Foram discutidas as formulações da Política Nacional de Desenvolvimento Urbano - PNDU, no processo de planejamento e articulação para construção e transformação das cidades brasileiras em espaços mais sustentáveis. A 2ª Conferência Nacional das Cidades debateu, também, a participação e o controle social; questão federativa; política urbana regional e metropolitana e financiamento do desenvolvimento urbano. Antes do encontro nacional, foram realizadas conferências municipais, regionais e estaduais.

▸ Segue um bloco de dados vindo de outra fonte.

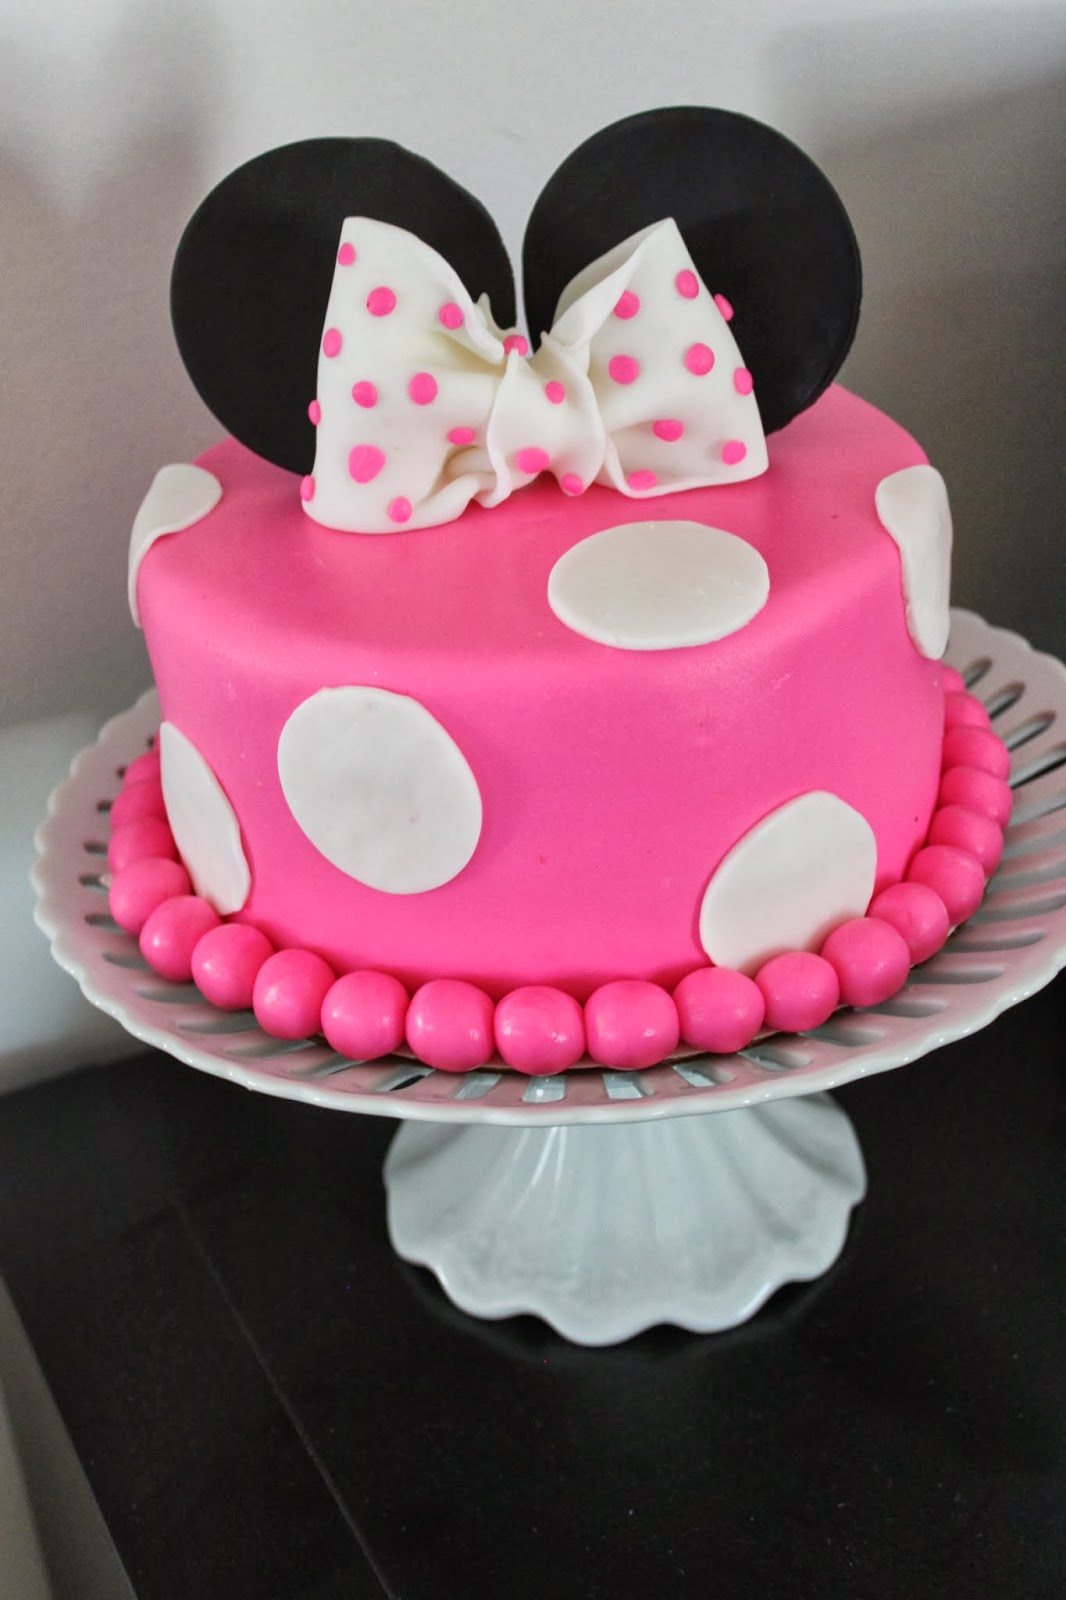 Victoria S Piece A Cake September 2013 Cakes

A cidade, como espaço político, produtivo e reprodutivo da vida social e do cotidiano é, sem dúvida, um ambiente de construção dos direitos, como, por exemplo, a Plataforma Mundial de Luta pelo Direito à Cidade, Seminário Mundial pelo Direito à Cidade, Carta Mundial dos Direitos Humanos nas Cidades, Observatório Internacional do Direito à Cidade, Fórum Nacional de Reforma Urbana, com papel decisivo para garantir mudanças em prol do interesse das maiorias e construção de um novo modelo de gestão das cidades.

O direito à cidade é inerente ao cidadão, que tem a faculdade de exercitá-lo, exigindo transparência na gestão pública, desenvolvimento urbano sustentável, com adoção de políticas que priorizem a produção de habitação de interesse social e o cumprimento da função social das propriedades pública e privada, observado sempre o interesse coletivo.

O direito à cidade vai resultar – sejamos utópicos – em um local onde a vida tenha a mansuetude colhida por Calvino (2006, p. 136): “mediante minuciosa regulamentação, a vida da cidade flui com a calma do movimento dos corpos celestes e adquire a necessidade dos fenômenos não sujeitos ao arbítrio humano”, pois esse é o propósito da Constituição Federal em vigor, ao assegurar uma existência digna com base nos objetivos fundamentais da República de construção de uma sociedade livre, justa e solidária.